Goal of the exercise: Excluding any images, copy all of the lines below precisely as written.

Input data:
-=-=-

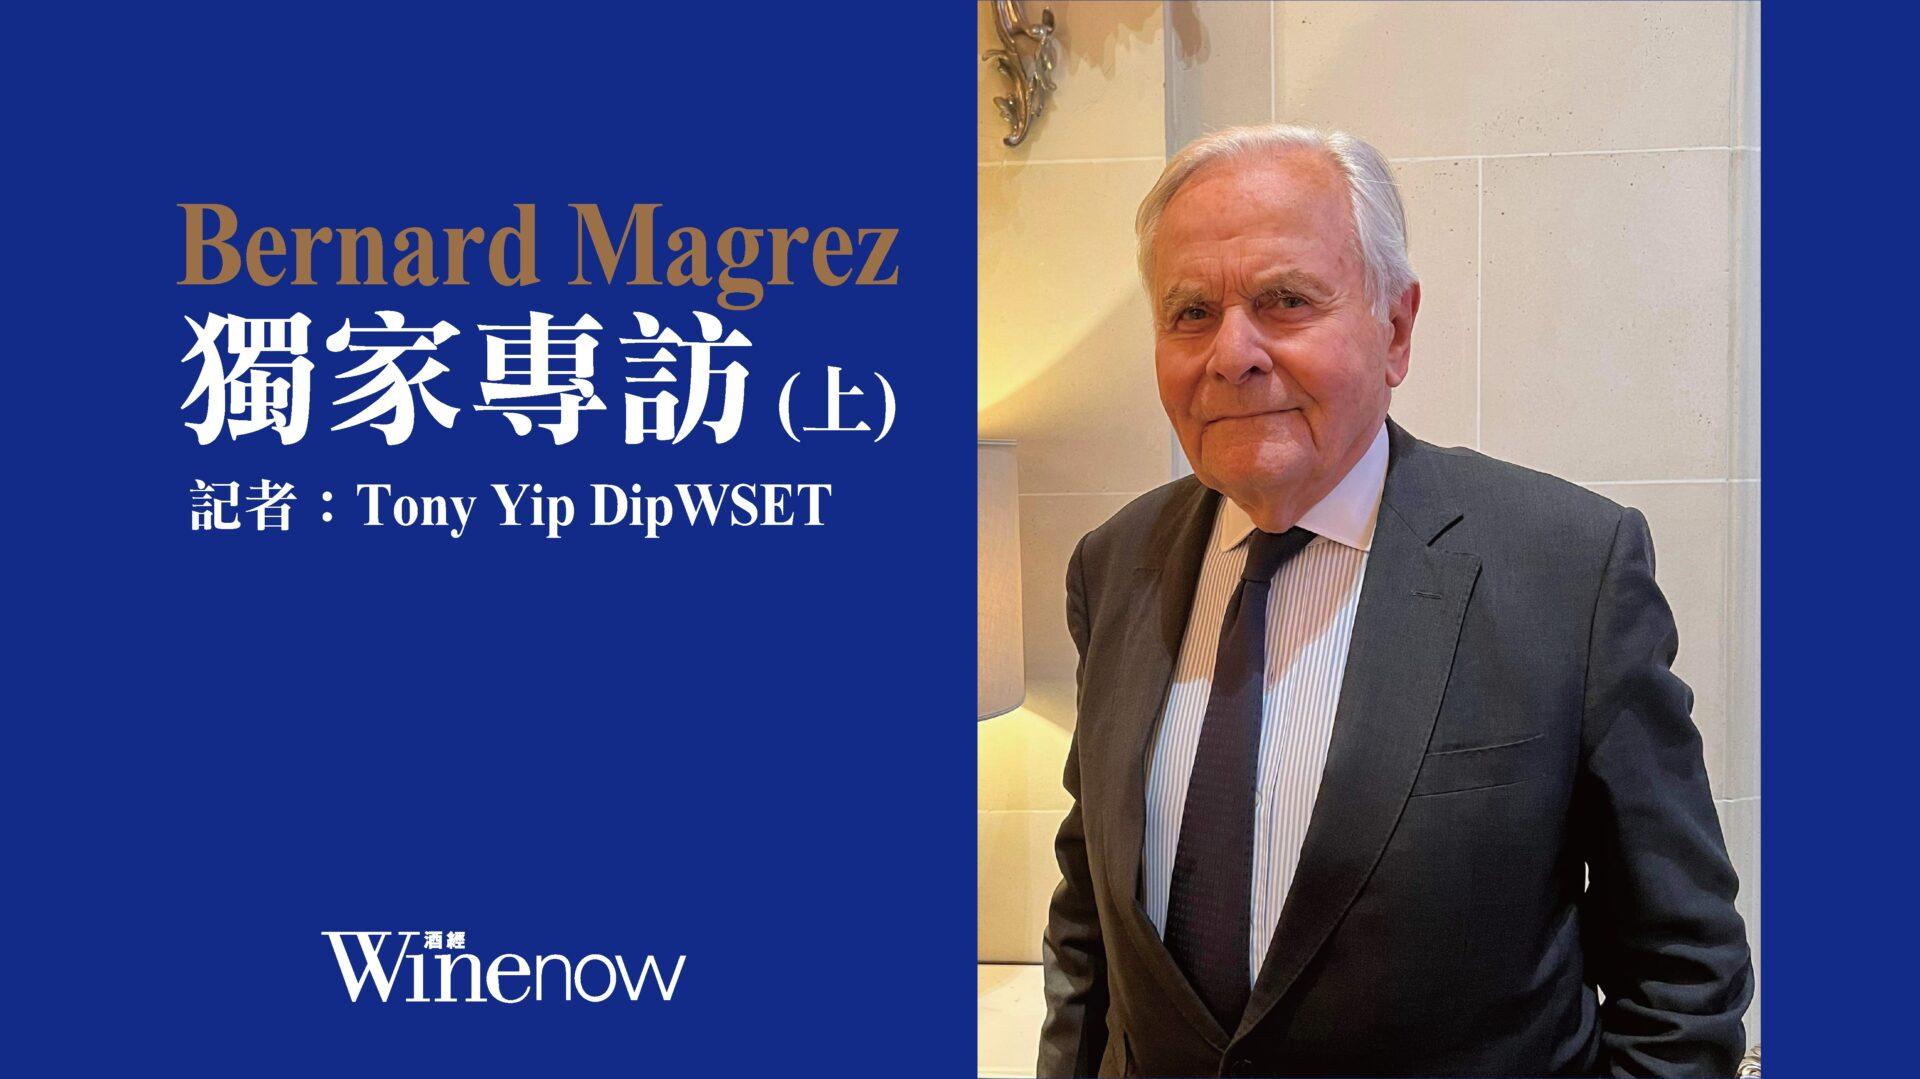 獨家專訪「雙金匙」酒業大亨 Bernard Magrez (上) - WineNow HK
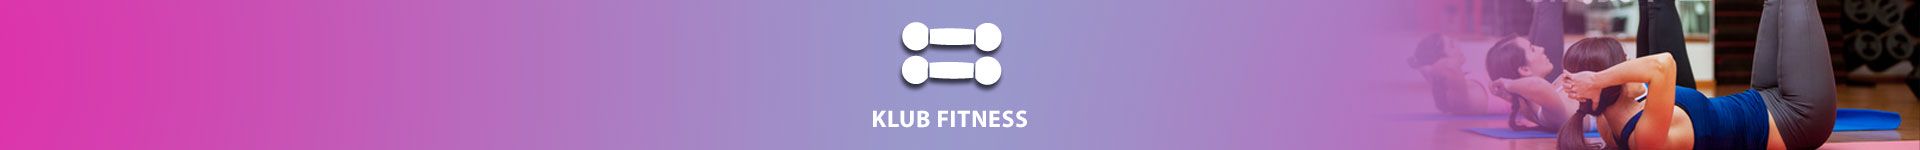 klub fitness
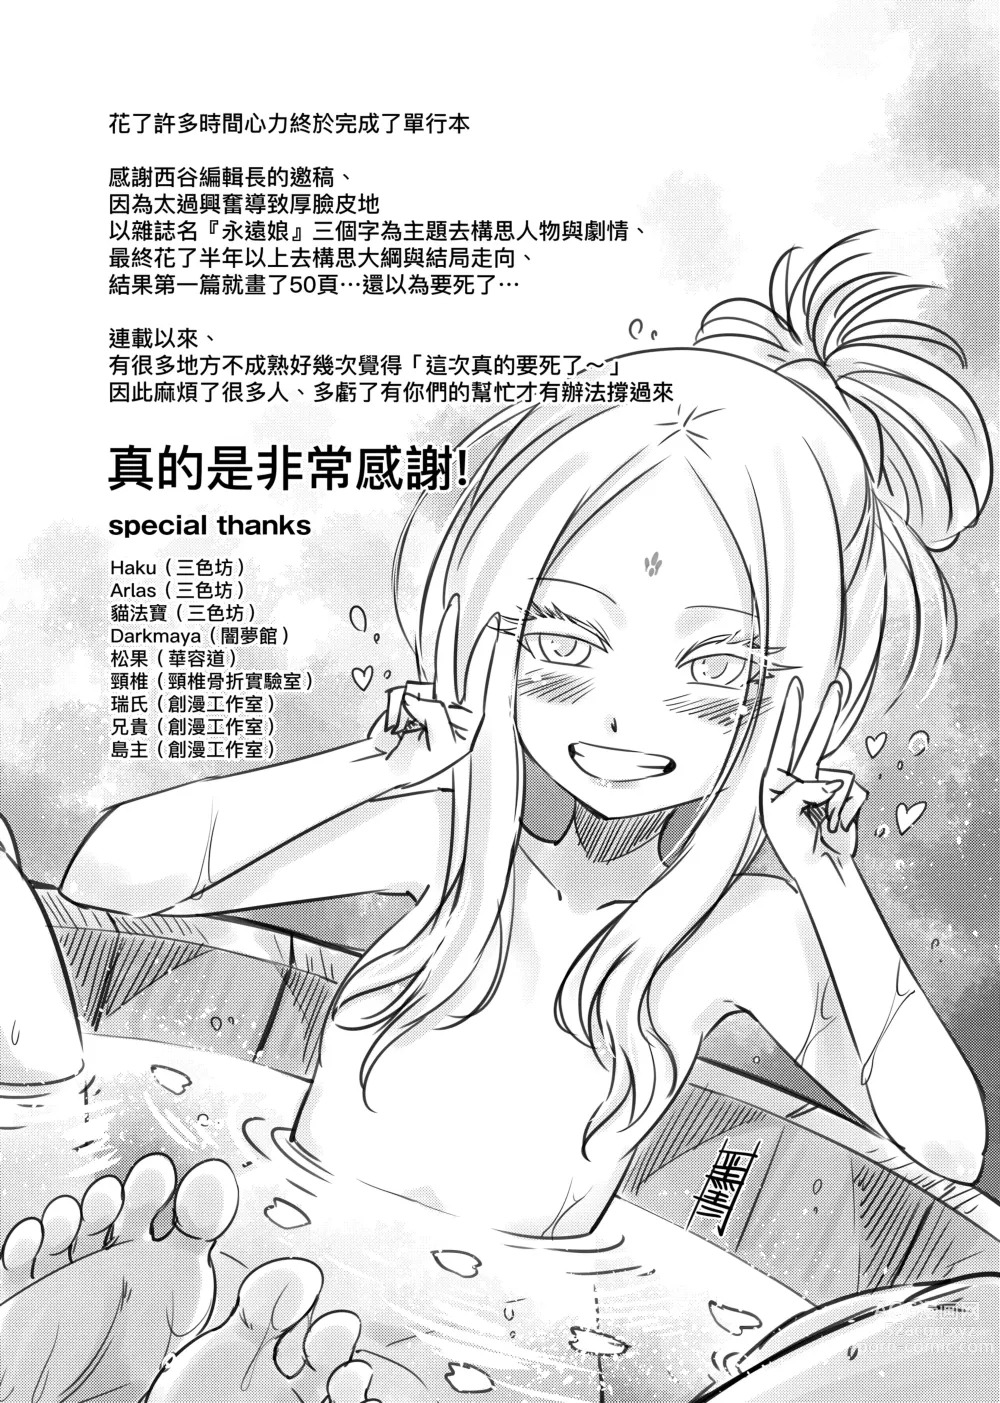 Page 212 of manga 永世流轉 (decensored)

-=-=-

Answer for this exercise:
 獨家專訪「雙金匙」酒業大亨 Bernard Magrez (上) - WineNow HK
 klub fitness
 Page 212 of manga 永世流轉 (decensored)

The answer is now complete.